How To Write An Effective Letter – And Why You Should Do It, Too

Continuing on our sub-theme this week of skills that complement strong personal finance management, I want to cover the topic of how to write an effective letter. In this electronic age, many people have forgotten the elements – and the value – of sending a letter via postal mail, but this skill is something important that everyone should recognize as part of their repertoire.

What value does this have? A letter is very concrete and can be used as evidence of information exchanged between two parties. To a business, a letter means business in a way that a phone call or an email do not. If you need to get your point across and telephone calls aren’t cutting it, a letter is the way to go. Sadly, fewer and fewer people are using this tool, which actually makes the power of a letter today even stronger – it means pay attention even more than before.

When should I send a letter? A letter should be used whenever you have difficulty achieving the resolution that you want by telephone or by electronic communication. For example, if you have bill collectors calling you day and night, the most effective way to ask them to stop is by letter requesting that all contact be in writing (along with a copy given to your lawyer). Another example: if you’re ever disputing a bill, a letter is the best way to get your case across, as an individual who is not serious enough about a dispute to send a letter often won’t get the resolution they want. In both of these cases, a well-constructed letter is the way to go.

What should a formal letter contain? If you are writing a formal letter for the first time, here are the basic elements (along with suggested placements) for what the letter should look like.

Your address should appear in the upper left corner of the page, followed by an empty line, followed by the address of the recipient. This way, the contact information is clear for both parties.

After this, skip another line, center the text, and write Attention: followed by the name and title of the person you are contacting. For example, if you’re writing to Jim Nolan, VP of Customer Relations at a company, this line should be “Attention: Jim Nolan, VP of Customer Relations” … the company name should be understood. Also, this is the only line that should be centered; everything else should be aligned to the left.

Skip another line, then start off with an appropriate address: Dear Mr. Nolan (or Ms. Nolan in the case of a female recipient).

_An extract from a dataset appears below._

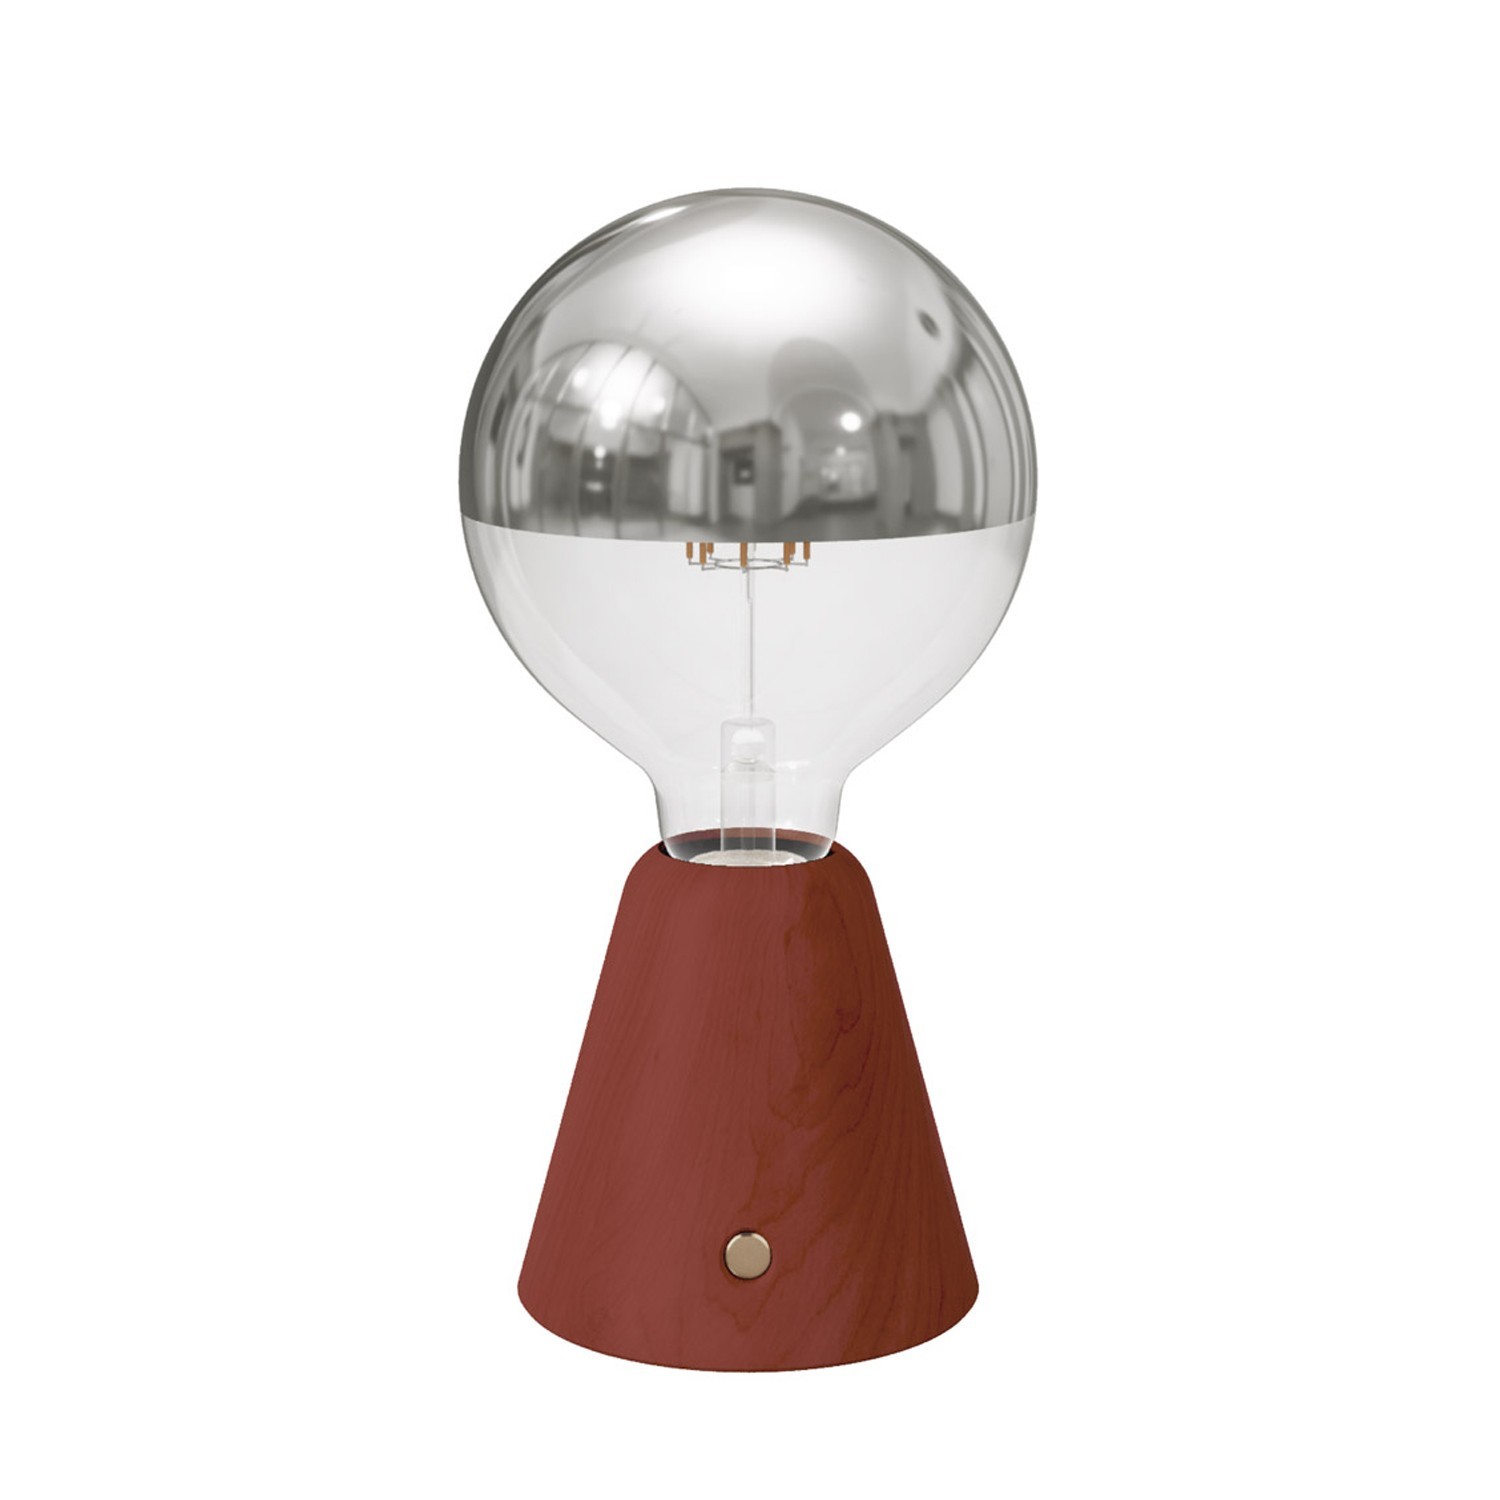 Prijenosna i punjiva LED svjetiljka Cabless01 sa srebrnom polusfernom globus žaruljom
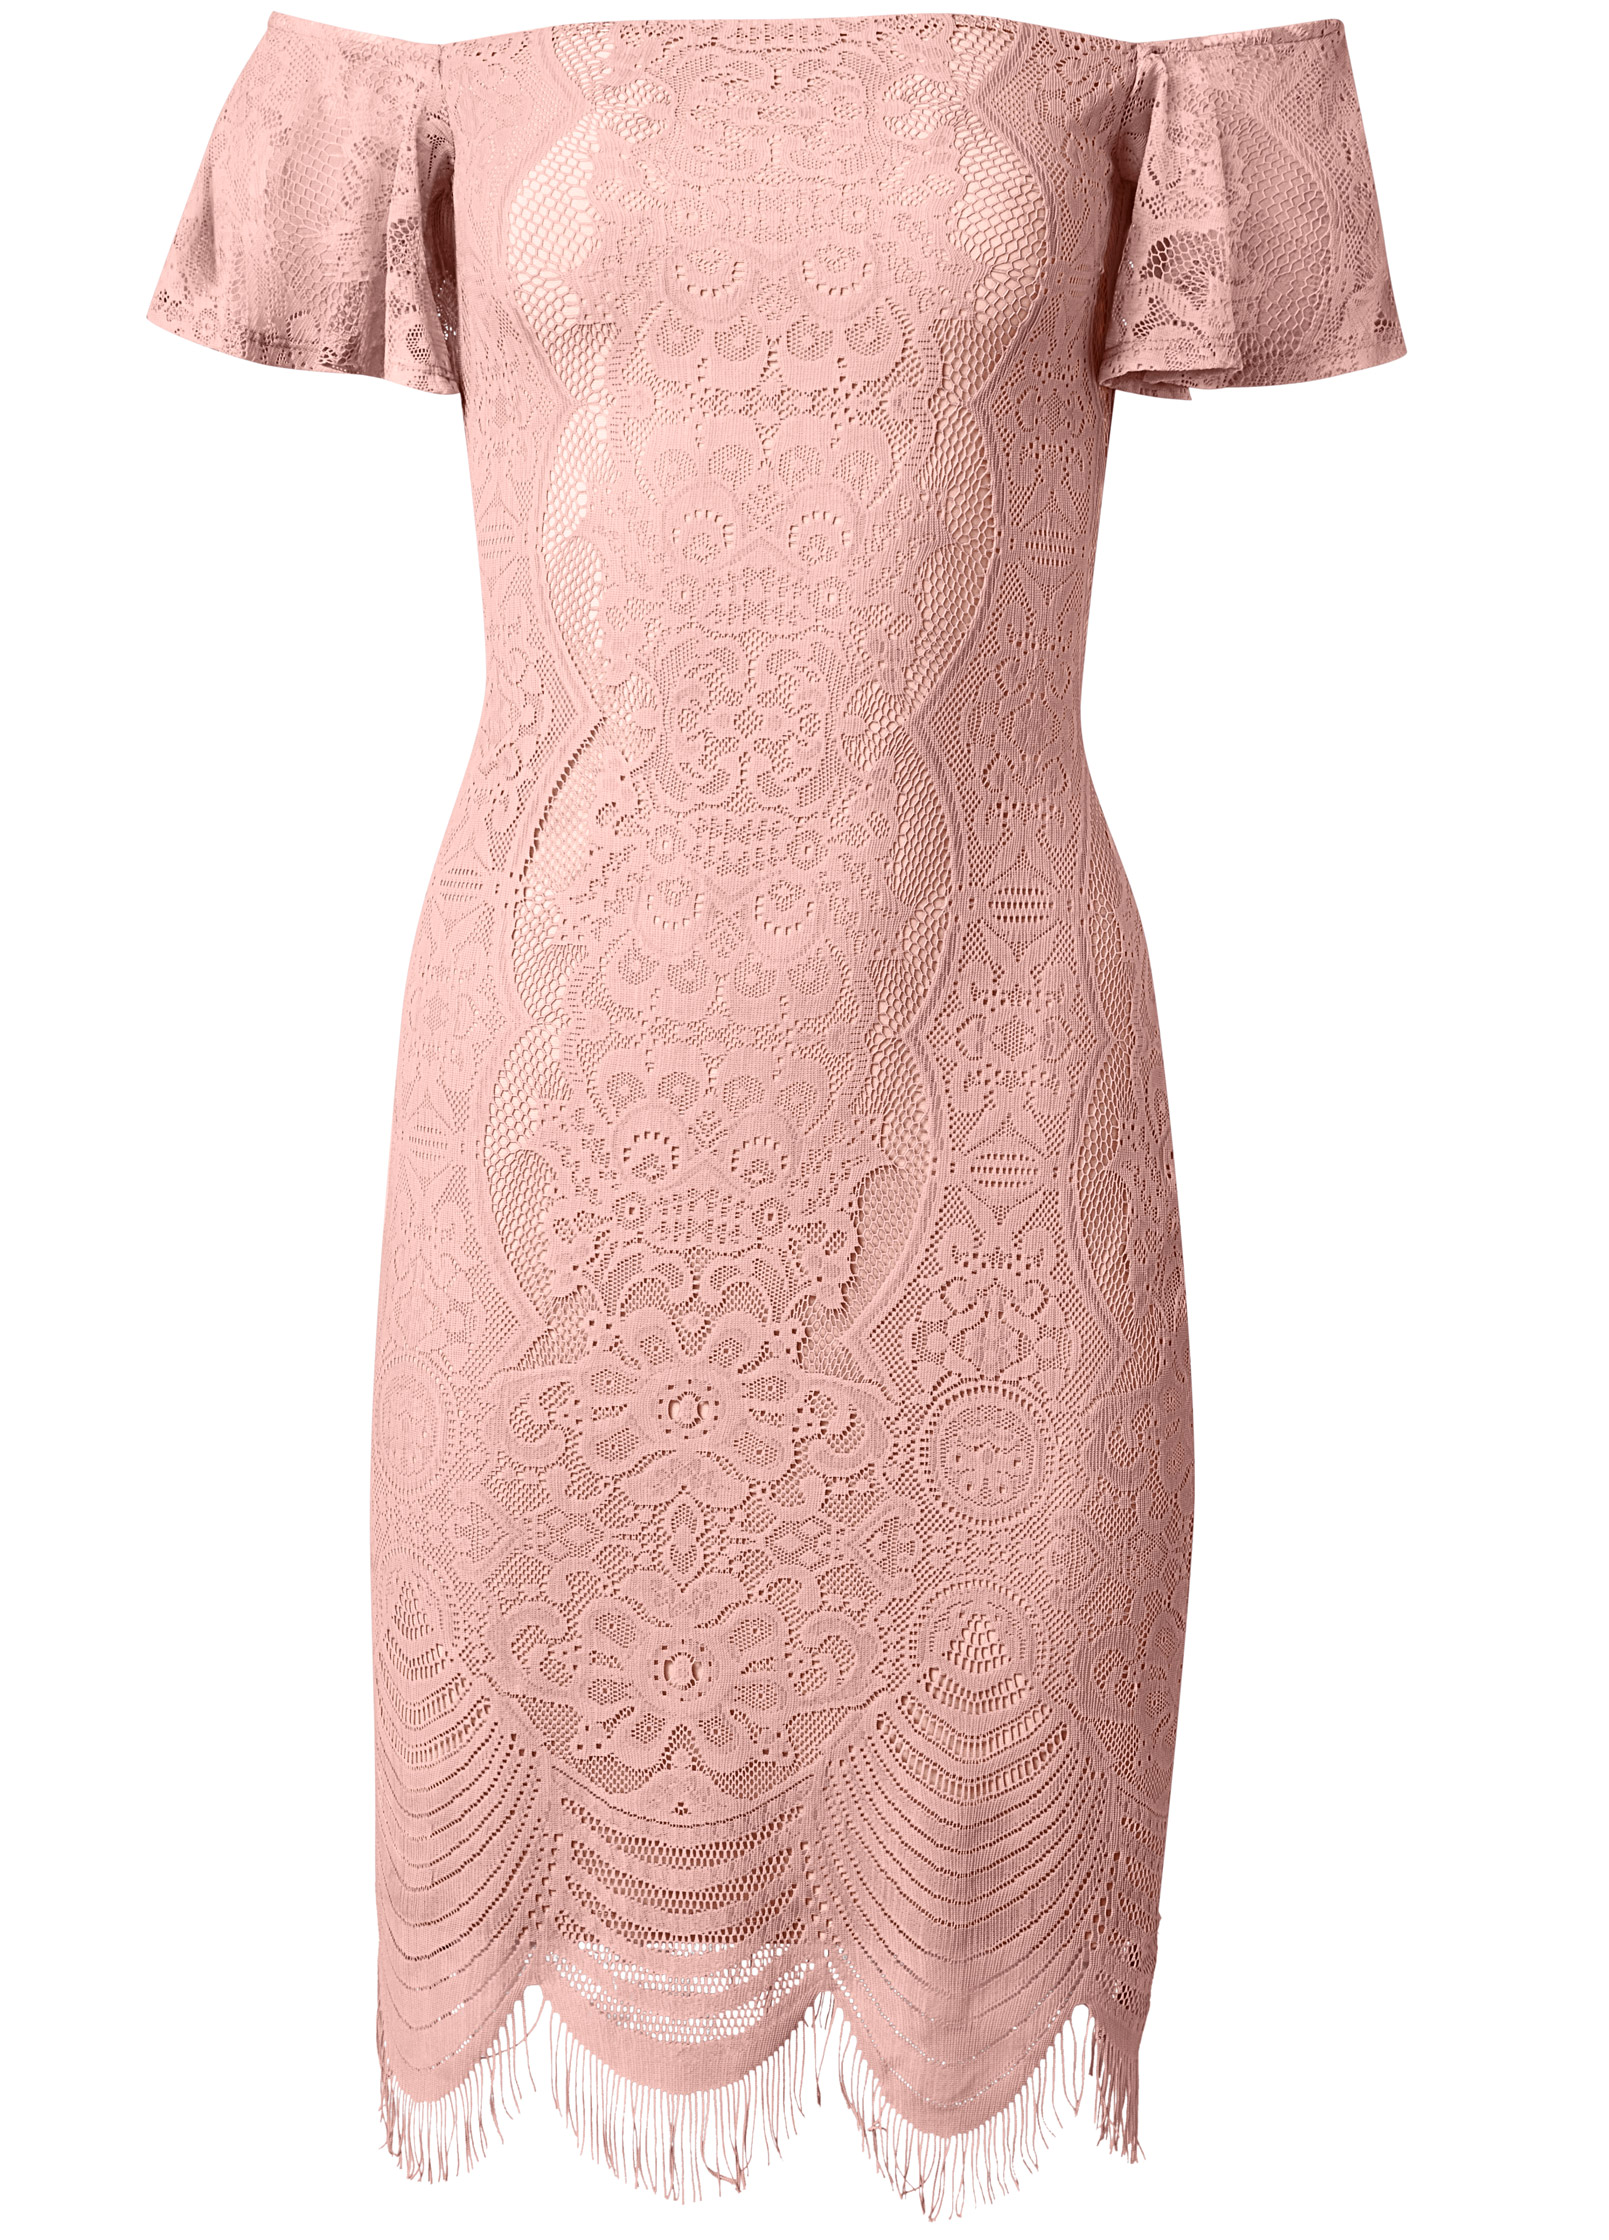 Off-The-Shoulder Lace Dress in Peach | VENUS

Skip yet another line, then begin your main letter. Keep it brief and stick to the facts; don’t write a ten page tome or else no one will read it. Start off by clearly stating the issue at hand with dates and other specific information, then in another paragraph state the resolution that you wish to see. A final sentence should give information on how to contact you, something like “I can be reached at the address given above or by telephone at …”

Finish with a “Yours truly,” then insert three blank lines, then type your name. After you print it, sign it in pen above your name. Put it in an envelope and send it out.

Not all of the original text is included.